Rutherford B. Hayes (1822-1893) was the Republican 19th President of the United States, 1877-1881. He was nominated because Ohio was a close and large state state. Previously he served one term as governor of Ohio, service in Congress as a Radical Republican who supported Reconstruction. He gained local fame as a general in the Civil War. He was a relatively conservative chief executive who left little mark, but exemplified the honest, hard-working party leadership of the Third Party System. He was the beneficiary of the "Compromise of 1877" that ended opposition to his election, and ended Reconstruction.
Hayes was a Victorian gentleman from a Yankee family that had resettled in Ohio. His father died befoire he was born, but his rich bachelor uncle Sardis Birchard took him under wing. He graduated from the local school, Kenyon College, and was the first president to attend Harvard Law School (Ll.B. 1845). He became a leading lawyer in Cincinnati, and inherited wealth from his uncle. His diary plainly reveals the ambivalence he felt when his political ambition clashed with his strict sense of morality, which told him that a man might gladly accept high office but should not actively seek it.

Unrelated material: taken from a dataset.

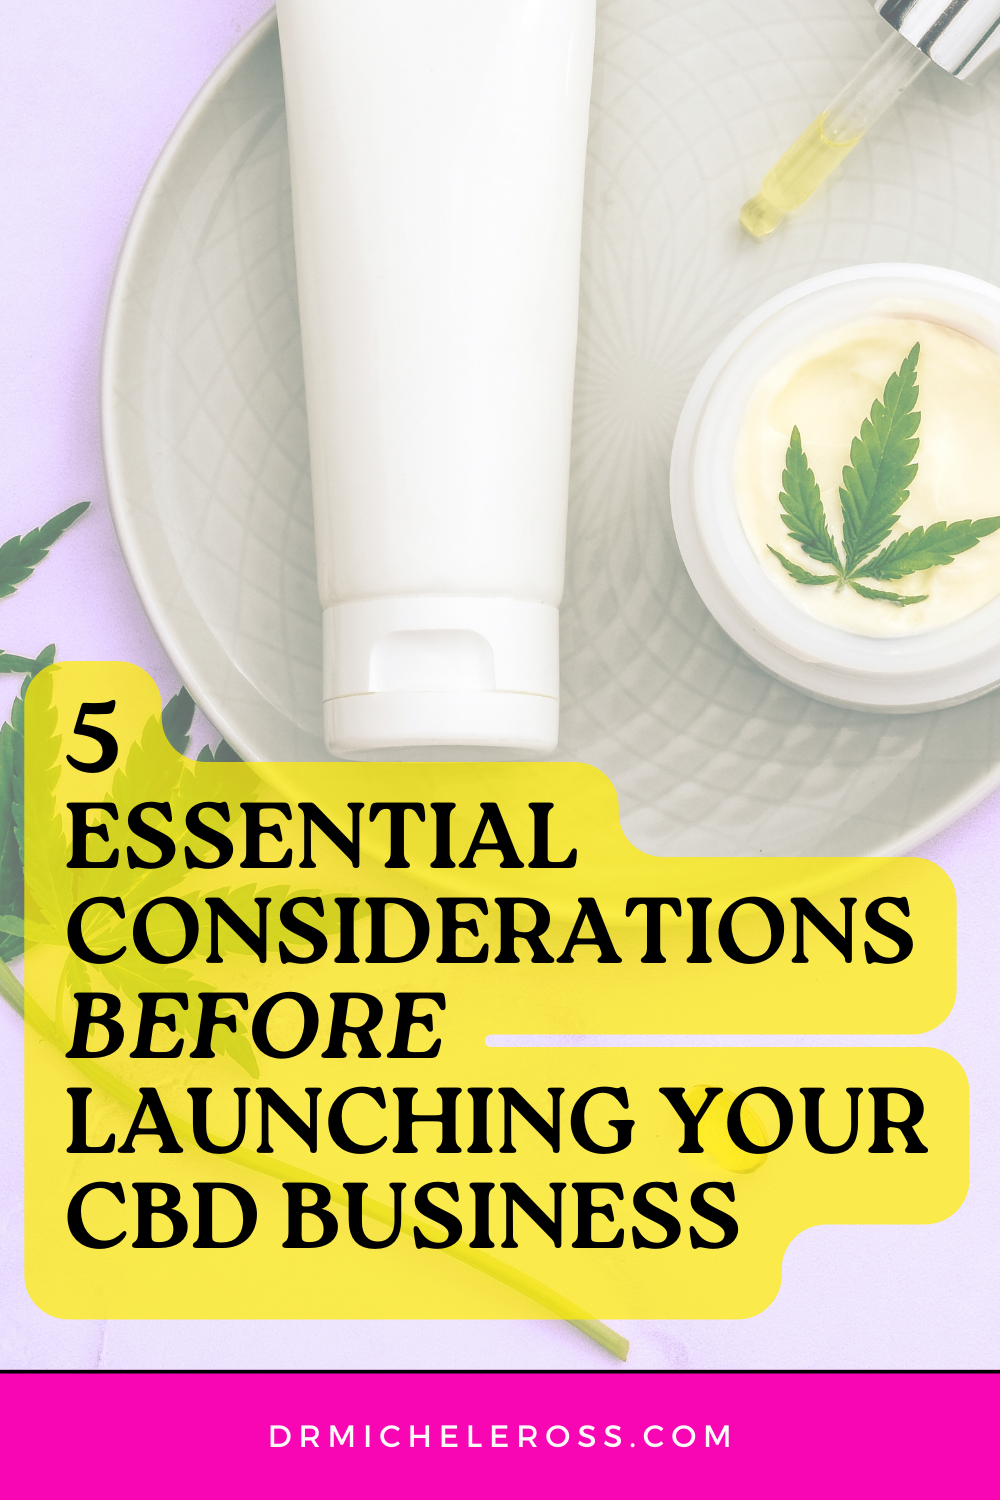 5 Essential Considerations Before Launching Your CBD Business Pinterest Pin
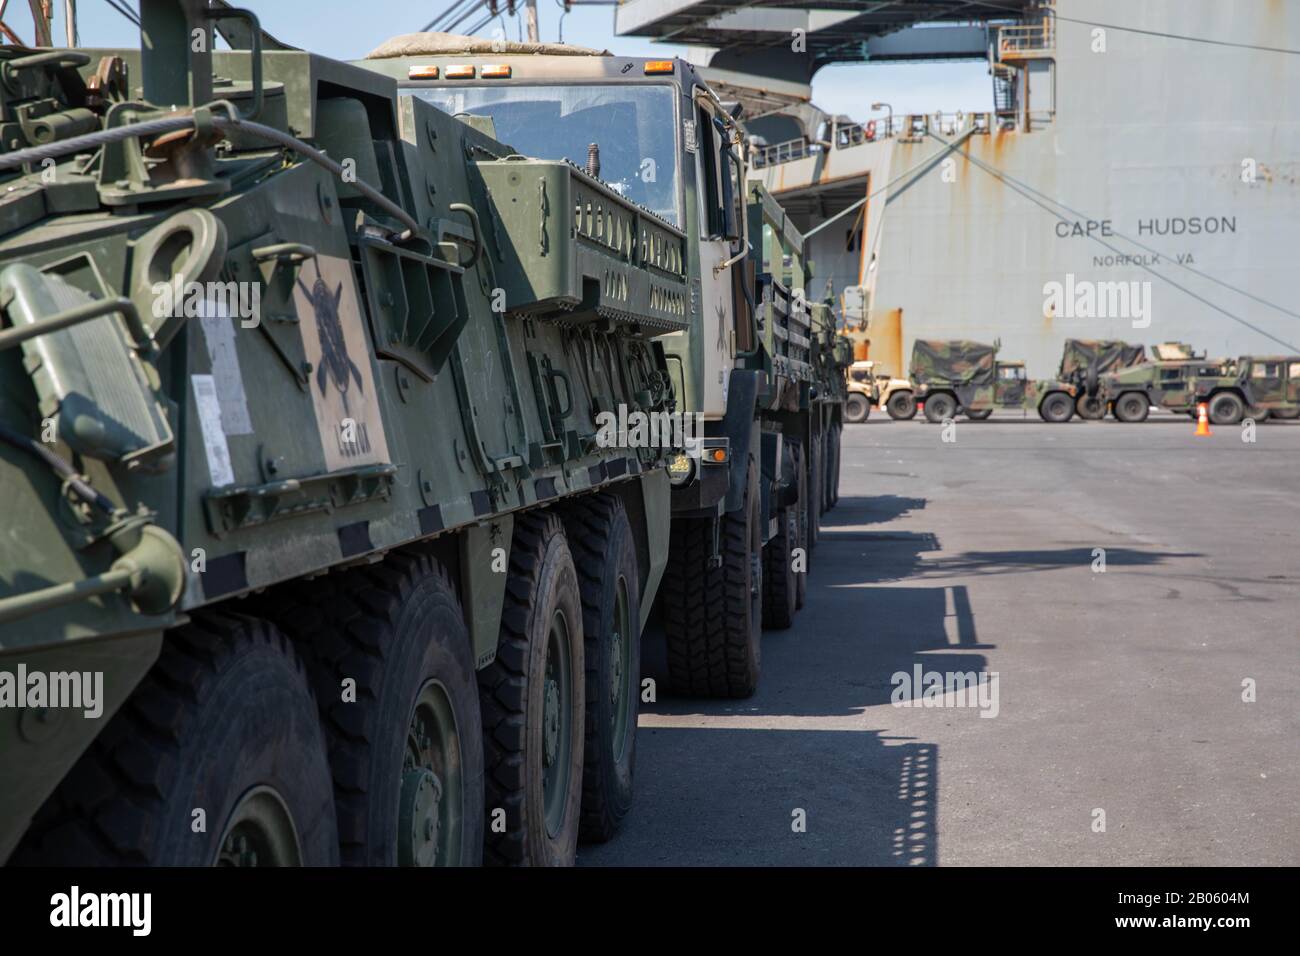 Soldiers from 2nd Infantry Brigade Combat Team, 25th Infantry Division, prepare military equipment and vehicles Feb. 17, 2020, at Chuk Samet, Thailand. Over 700 vehicles, containers and pieces of equipment were offloaded from Maritime Sealift Command M/V Cape Hudson (T-AKR 5066) in support of exercise Cobra Gold 20 and movements aligning with U.S. Army Pacific's program, 'Pacific Pathways,' in explaining Army's engagement in the Pacific region. Stock Photo

Hayes had fewer popular votes than his opponent Samuel J. Tilden, and so entered the White House with his title clouded by the disputed election of 1876. Opponents called him "His Fraudulency" and "Rutherfraud B. Hayes," but soon he began to reassert the authority of the presidency and the sarcasm faded away. Hayes promoted Civil Service Reform to reduce the corruption inherent in the linkage between vote-seeking and office-holding. He named well-known reformers in high offices, and, ordering the last troops out of South Carolina and Louisiana, ended Reconstruction. He hoped to revive the Republican party in the South by persuading business-oriented conservatives (most of them ex-Whigs) to join a national party that would support their economic interests more effectively than the Democrats did. He failed because the South was polarized on race. Committed to the gold standard--the only basis, Hayes thought, of a sound currency--in 1878 he vetoed the Bland-Allison Silver Purchase bill, which called for the partial coinage of silver, but Congress passed it over his veto. He and First Lady Lucy Webb Hayes refused to serve alcoholic beverages, even at state functions; they called her "Lemonade Lucy."